Experiments conducted on large-scale datasets such as ImageNet demonstrate that DiTo achieves superior image reconstruction quality compared to GAN-LPIPS tokenizers, particularly in handling complex visual structures like text and symbols. Moreover, image generation models trained on DiTo's latent representations exhibit competitive or improved performance over those using traditional methods.

The scalability of DiTo is tested across various model sizes, consistently showing improved reconstruction fidelity and visual quality as the model is scaled up. This attribute is less pronounced in GAN-LPIPS where performance gains plateau with increased complexity. The paper further explores the advantages of DiTo through ablations, highlighting that its design is well-suited for joint learning of latent representations alongside powerful probabilistic decoders.

Practical and Theoretical Implications

Practically, DiTo simplifies the training process by removing the need for balancing multiple losses and pretrained discriminative models, leading to efficient and scalable image tokenizer training. Theoretically, employing an ELBO-maximizing objective ensures that the latent representations capture relevant information comprehensively, enhancing both the quantitative and qualitative performance of downstream generative models.

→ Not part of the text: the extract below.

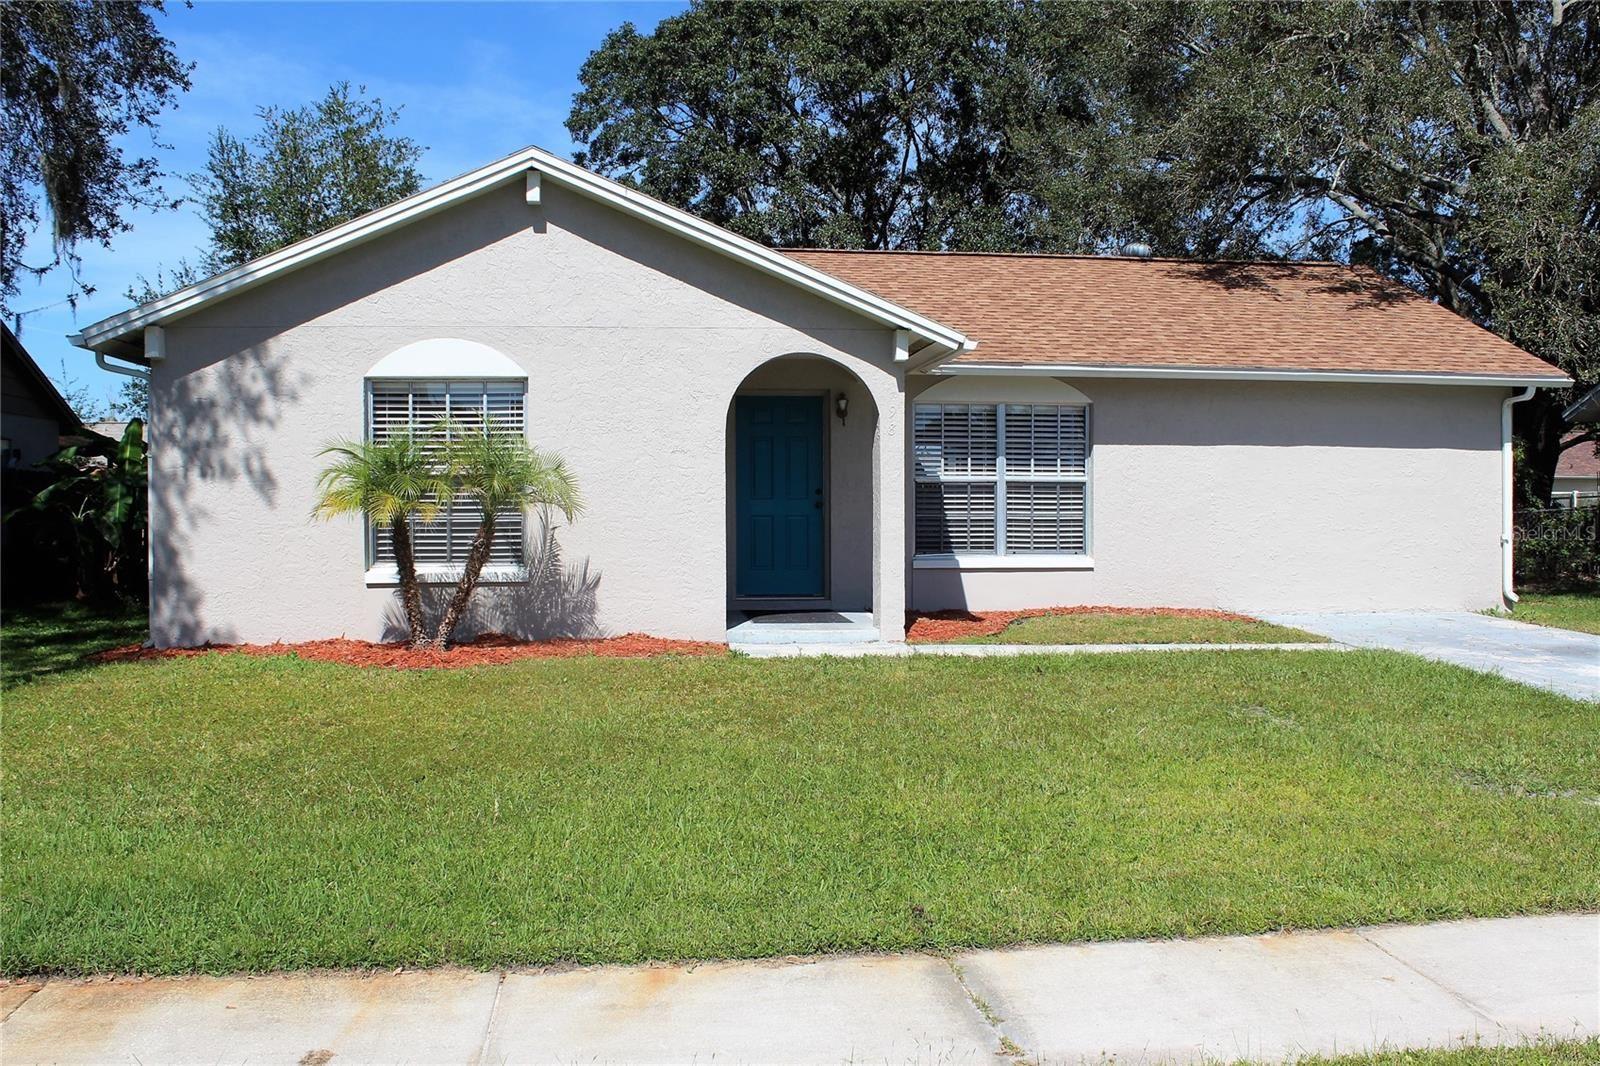 7982 GRISWOLD LOOP, New Port Richey, FL 34655 - MLS#: W7839146
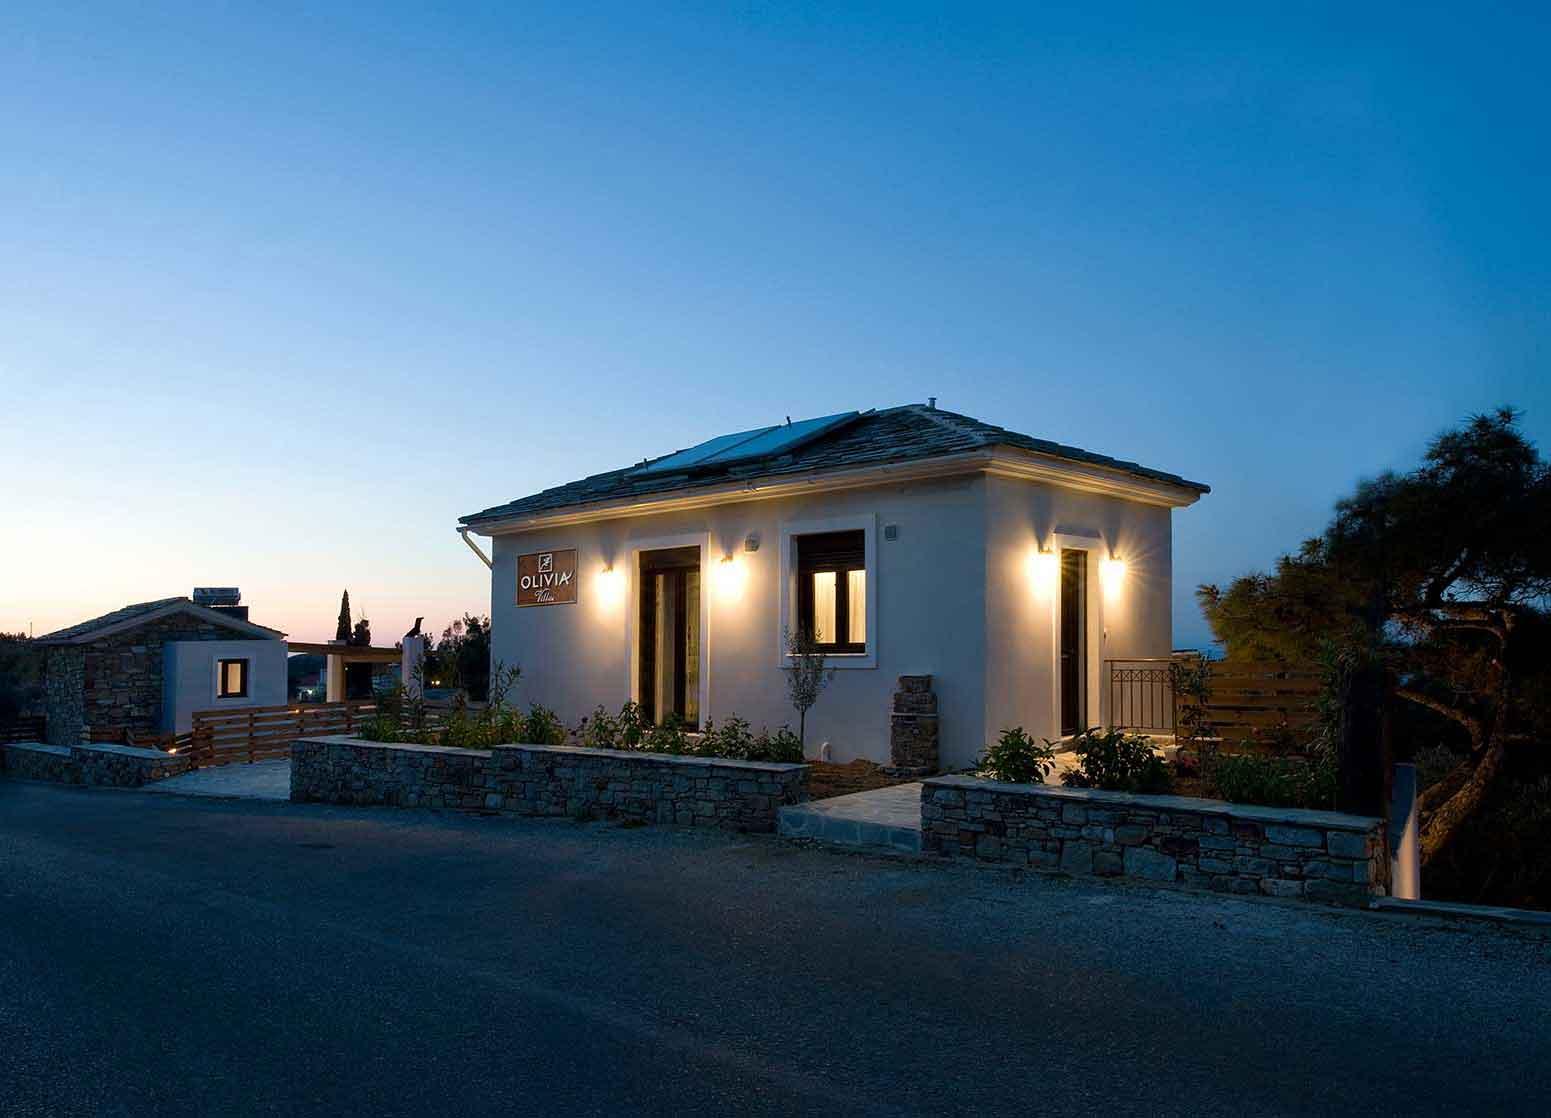 ikaria olivia villas street view

Speculation on Future Directions

The paper hints at future research directions, including expanding DiTo's applicability beyond images to video, audio, and other modalities. Such extensions could offer a unified approach for scalable, self-supervised representation learning in multimedia contexts. Additionally, exploring content-aware tokenizers could lead to optimizing information density encoding, further enhancing model efficiency and performance.

Conclusion

In conclusion, "Diffusion Autoencoders are Scalable Image Tokenizers" contributes significantly to the field of machine learning by presenting a streamlined, theoretically robust method for image tokenization and generation. Through the lens of diffusion models and self-supervision, it offers a promising alternative to the intricacies of current state-of-the-art tokenizers, paving the way for more elegant and effective models in AI-driven image processing tasks.